Worse than that are right-wingers like Liz Truss that think that what is to come will be great for the economy. They’re even eagerly anticipating the collapse of lots of employers because they call them “zombie companies” who they claim drag the economy down.

But what they forget is that real people work in those companies. And real people without a salary cannot pay their bills (right wingers assume everyone has savings to get through a crisis: it’s another of their fantasies). The reality is that real people out of work will not be paying this time.

It’s easy to see how we descend quite rapidly into a recession in such a crisis. It’s also easy to see how if those with mortgage and rent arrears are evicted from their properties, we will rapidly develop a massive crisis of homeless people.

And social chaos is going to escalate rapidly—whether that is reflected in a massive increase in demand for NHS services, or in seriously disrupted education services, or in social services stretched way beyond its limits, or in desperate people taking to crime to feed their children.

There is every reason to think these things might happen. No one is forecasting them, because economists don’t build systemtic breakdown—including a combination of recession, inability to pay and government-imposed poverty—into their models for the economy. Those models can handle one failure at a time, but very few are designed to handle the whole thing failing—including collapsing house prices as foreclosures become common, and a banking crisis as mortgages default—in their modelling.

The government could prevent all this. I stress could. But it is not going to do so. That’s not because it does not imagine this will happen; it is because it wants it to happen. It is because it is going to let it happen—as interest rate rises this week evidence.

When it happens, it will be too late to prevent the issue escalation. Once the fragile threads that hold our economy together are broken, rebuilding them will be a long, slow process. And however they are recreated, it must not be in the same way.

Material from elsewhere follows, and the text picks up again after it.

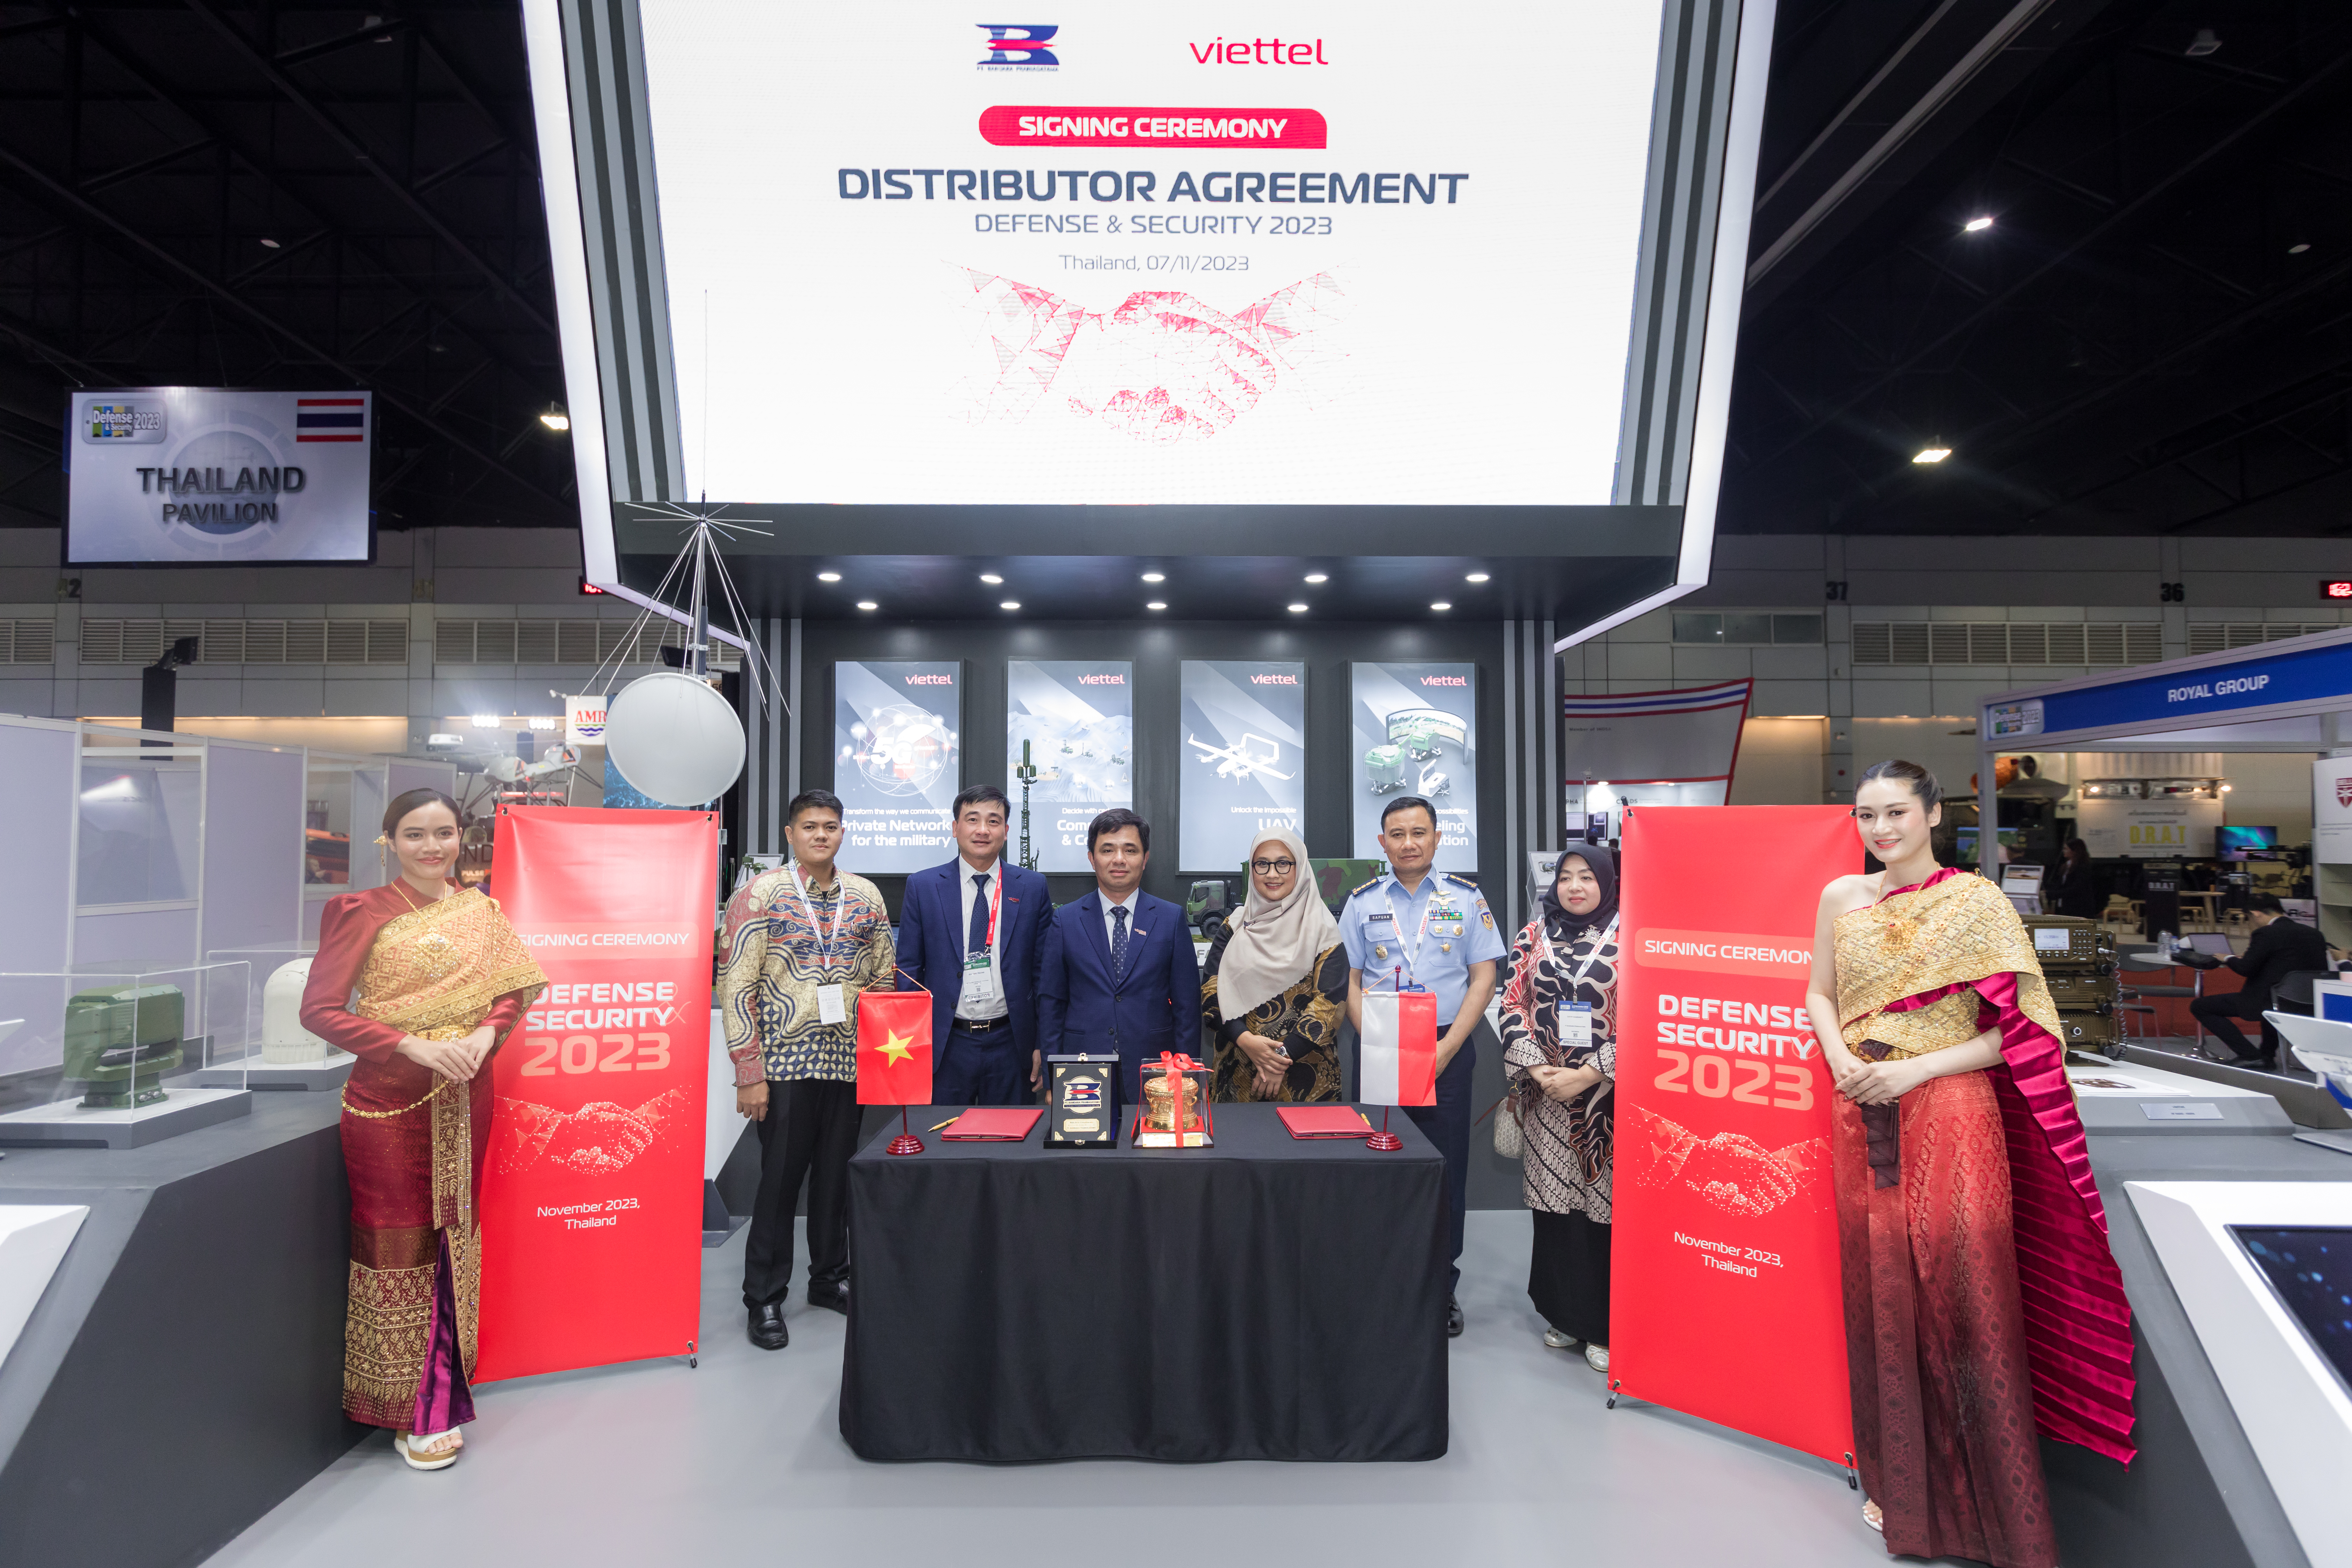 1-Viettel High Tech và Công ty PT. Bandara Praniagatama (Indonesia) đã ký kết Thỏa thuận về phân phối sản phẩm Hệ thống mô phỏng huấn luyện kíp chỉ huy bay và buồng lái máy bay của Viettel tại Indonesia

They will need to be green, and rebuilt about concepts of equality that will prevent a calamity of the sort we are now facing from ever recurring. This could be done. As the postwar consensus swept away what went before it and built a genuinely better society, so could we after this crisis.

But first we have to face the crisis—with politicians woefully ill-prepared for it, and the right wing always willing to exploit a crisis for their gain by dividing society still further.

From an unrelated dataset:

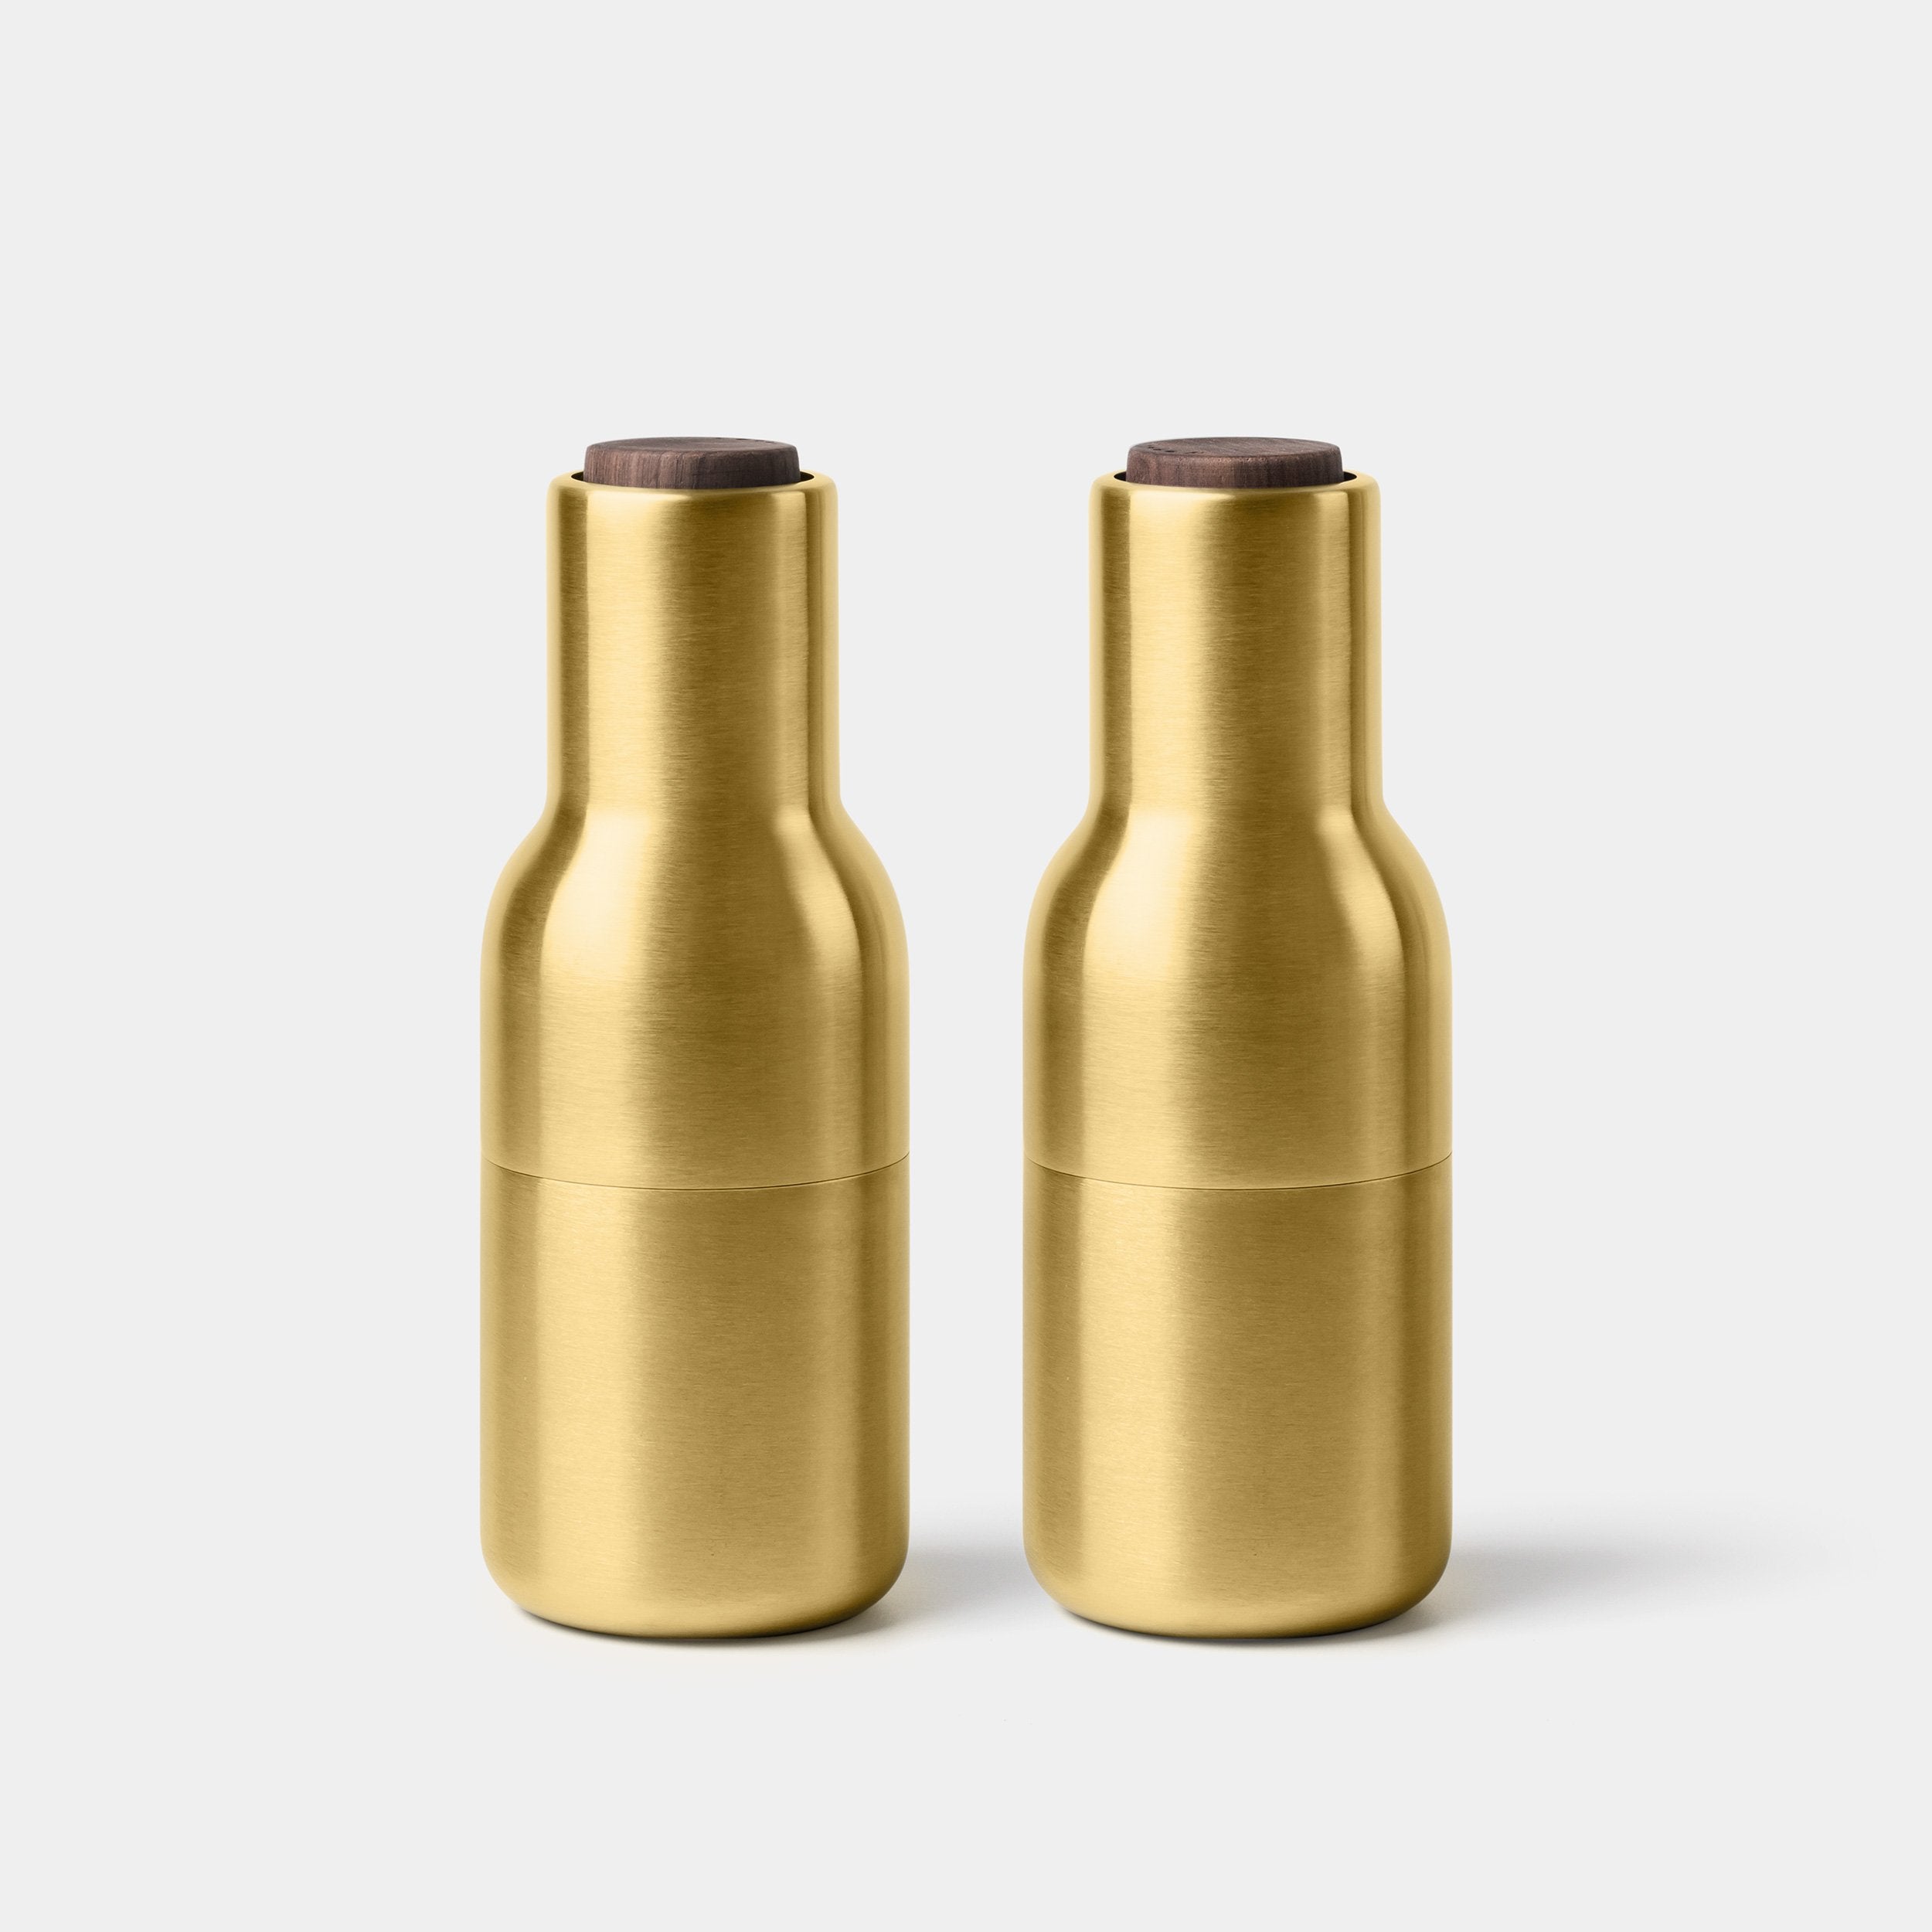 Menu Bottle Grinder – Brushed Brass with Walnut Lid

The coming winter is going to be economically impossible for many. That’s a simple fact. I know that is not necessary, but it is going to happen. Steps as radical as those used in the Covid era could prevent this—but this government will not deliver them.

My fear is the political exploitation of this by the far right.

My hope is that we have the vision to rebuild. But the pain before we do so is going to be horrible. And it has been deliberately chosen. And that is what sickens me.